SRA investigations and penalties

The SRA recently carried out an investigation into firms to check their compliance with the AML requirements. It found that not only are some firms only partially compliant with their obligations, but there were some firms that were not compliant at all.

Given that these requirements came into force over 6 years ago, the SRA will no doubt be disappointed in their findings and will likely be looking to conduct further investigations of this kind. The SRA has also stated that it will consult on putting automatic fixed penalties in place for AML failings within the next year.

Firms and partners that fail to meet the requirements may be exposed to disciplinary action, with cases being referred to the Solicitors Disciplinary Tribunal (SDT) and potential monetary fines.
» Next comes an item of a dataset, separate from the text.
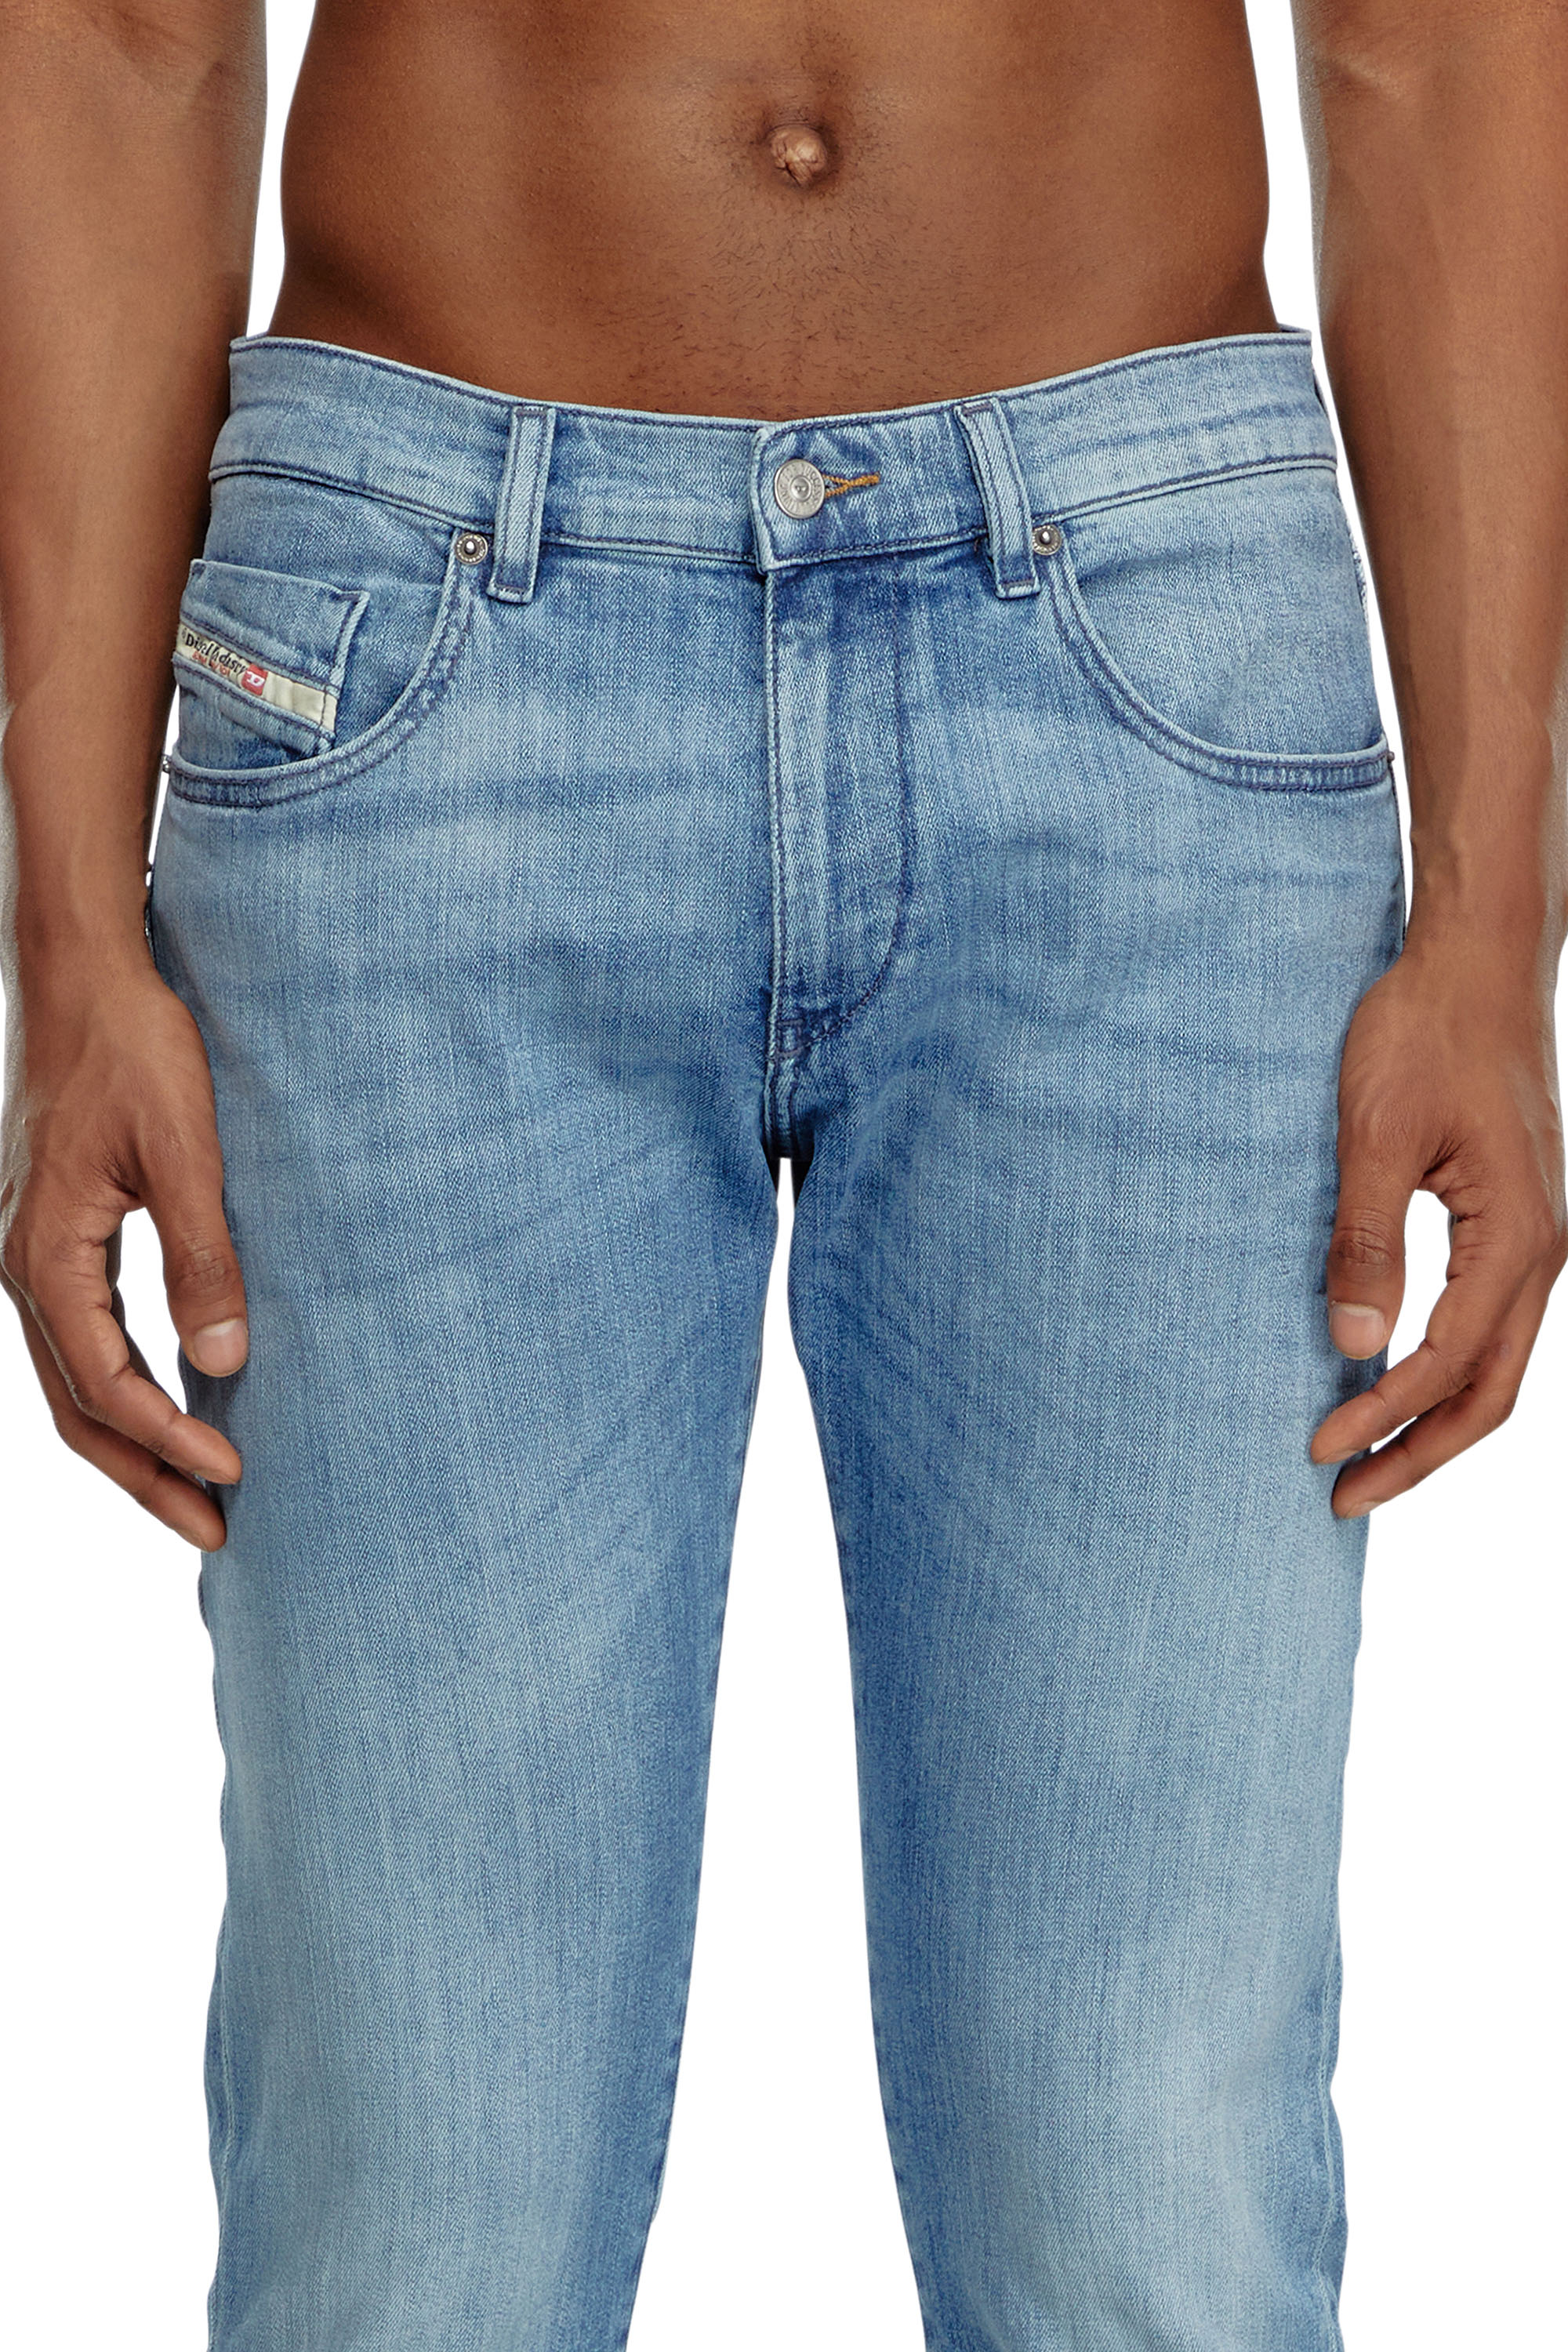 Diesel - Slim Jeans 2019 D-Strukt 0GRDI, Hombre Slim Jeans - 2019 D-Strukt in Azul marino - Image 5
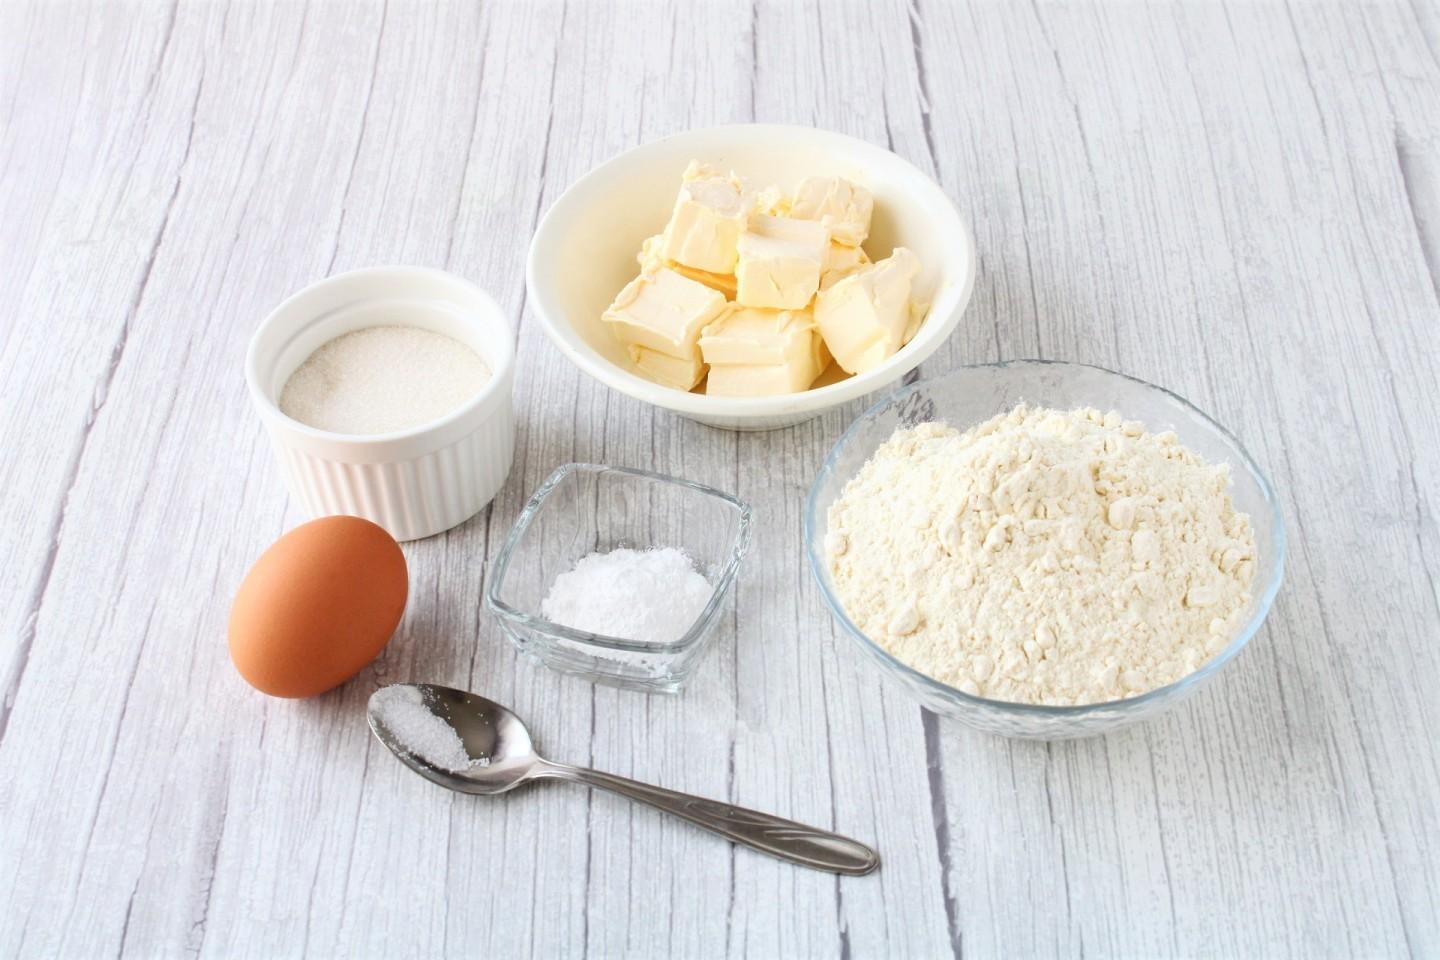 Сметана яйца мука сахар сливочное масло. Ингредиенты для песочного теста. Ингредиенты для песочного пирога. Творог с сахаром. Мука сахар ванилин.

A firm found to be non-compliant in 2017 was fined £50,000, with three of the partners also fined £10,000 each, one of the highest penalties the regulator has handed out for a traditional law firm. In recent developments at the start of 2024, the same firm and one of the partners have been fined further with the firm’s fine being extended to £500,000 following the case being referred to the Solicitors Disciplinary Tribunal.

Firms classified as an alternative business structure (ABS) may be open to even larger fines, as demonstrated recently where the SRA imposed a fine of over £100,000. Firms who are subject to investigation, or found to be non-compliant with AML requirements, are likely to also suffer reputational damage as a result as well as potentially having to pay the SRA’s legal costs where cases are escalated to the SDT.

Fines and penalties are not indemnified under the SRA Minimum Terms and Conditions of Professional Indemnity Insurance (exclusion 6.7), so the effect of multiple penalties could significantly impact firm’s bottom-line.

Anti-money laundering requirements

Since June 2017, certain firms regulated by the SRA in England and Wales are under a legal obligation under Regulation 28 (12) and (13) of the Money Laundering, Terrorist Financing and Transfer of Funds (Information on the Payer) Regulations 2017 (as amended by way of the Money Laundering and Terrorist Financing (Amendment) Regulations 2019, the Money Laundering and Terrorist Financing (Amendment) (EU Exit) Regulations 2020, and most recently, the Money Laundering and Terrorist Financing (Amendment) Regulations 2023), (MLRs), to take steps to identify risks of money laundering and terrorist financing by a client or a matter.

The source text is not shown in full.